-
Notifications
You must be signed in to change notification settings - Fork 2
Implement gatherling.com scraper #15
Description
This has been suggested by @Aliquanto3 as a well to get Premodern data into our dataset, and bakert commented on Discord that we could also use this for Penny Dreadful.
There's two paths to go here.
Plan A: Database dump. According to bakert they generate a database dump (with some things redatacted) every 24h here:
https://pennydreadfulmagic.com/static/dev-db.sql.gz
This is a MariaDB data dump, so the process should be fairly simple:
- Automate the creation of a docker container with MariaDB importing this script
- Extract data from the DB dump
We could also explore using embedded MariaDB which would facilitate a few things, but it doesn't look like they provide Windows builds for that.

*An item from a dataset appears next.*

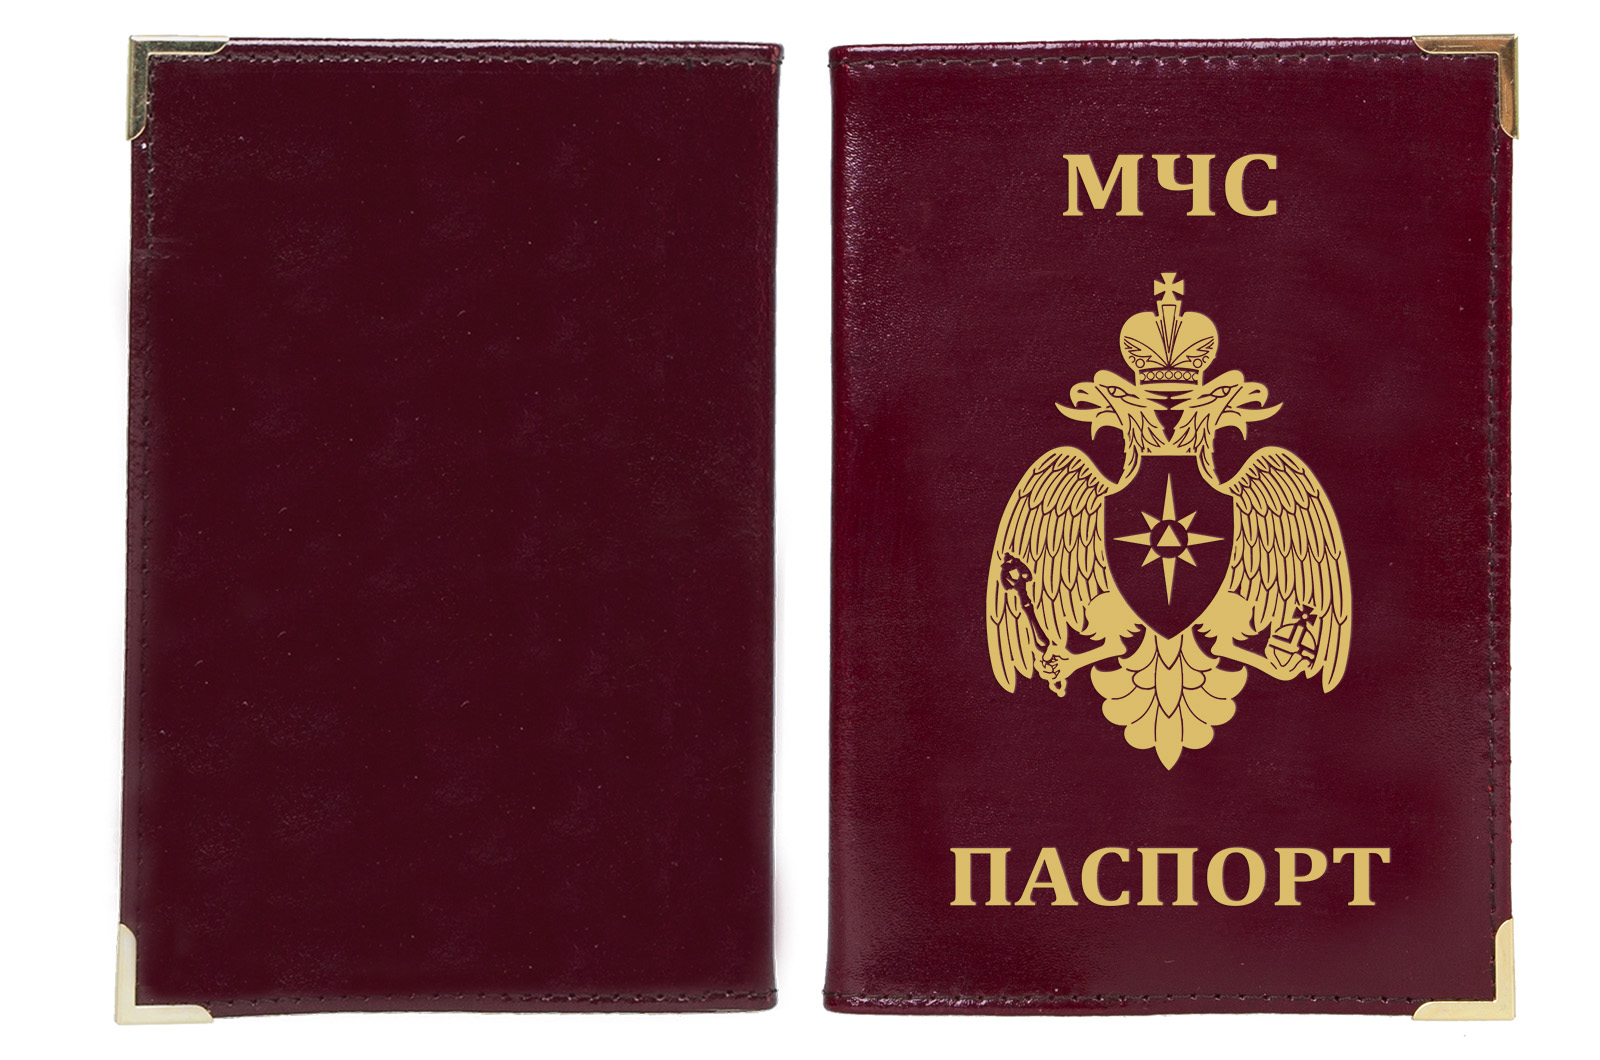 Обложка на паспорт с тиснением эмблемы МЧС 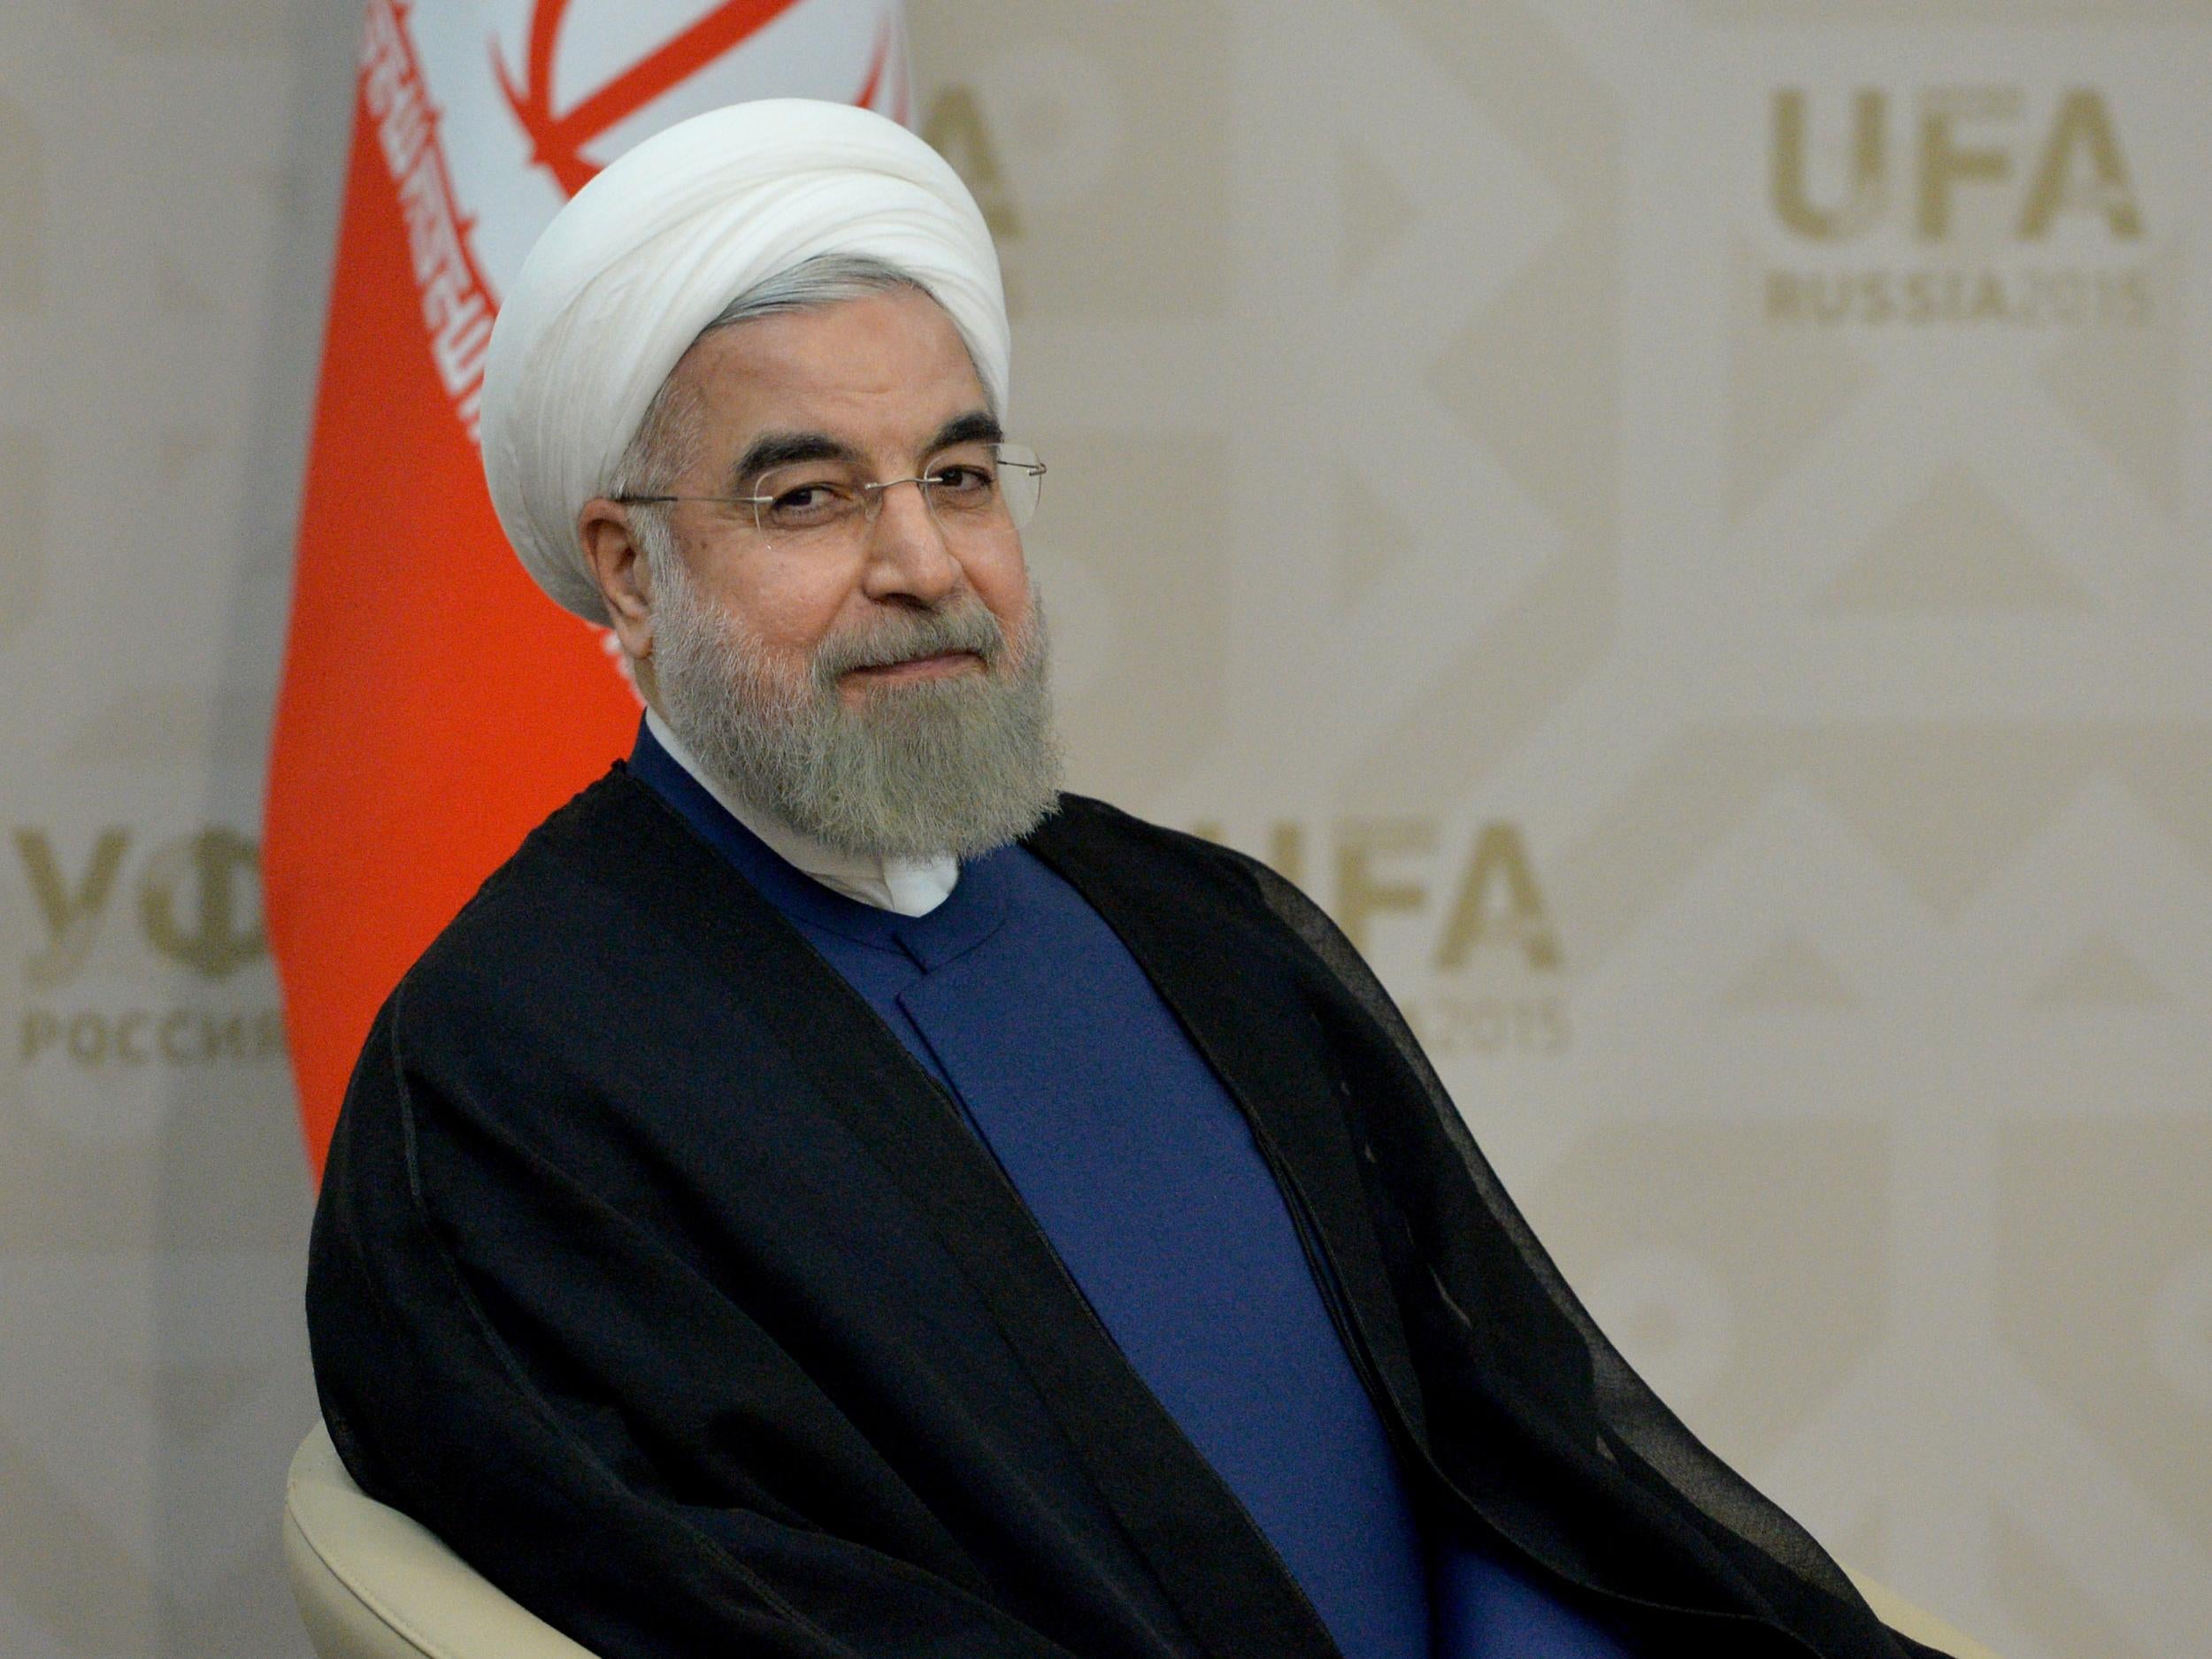 President of the Islamic Republic of Iran Hassan Rouhani

Plan B: Scraping. There's an eventinfo route that seems to contain all the info we need for an individual tournament.
https://gatherling.com/api.php?action=eventinfo&event=Pre-Modern%20Monthly%20League%2011.05
The only thing missing is a way to list older events. There's an event list page here, but it doesn't match the way the scraper works very well since there's no way to navigate by date.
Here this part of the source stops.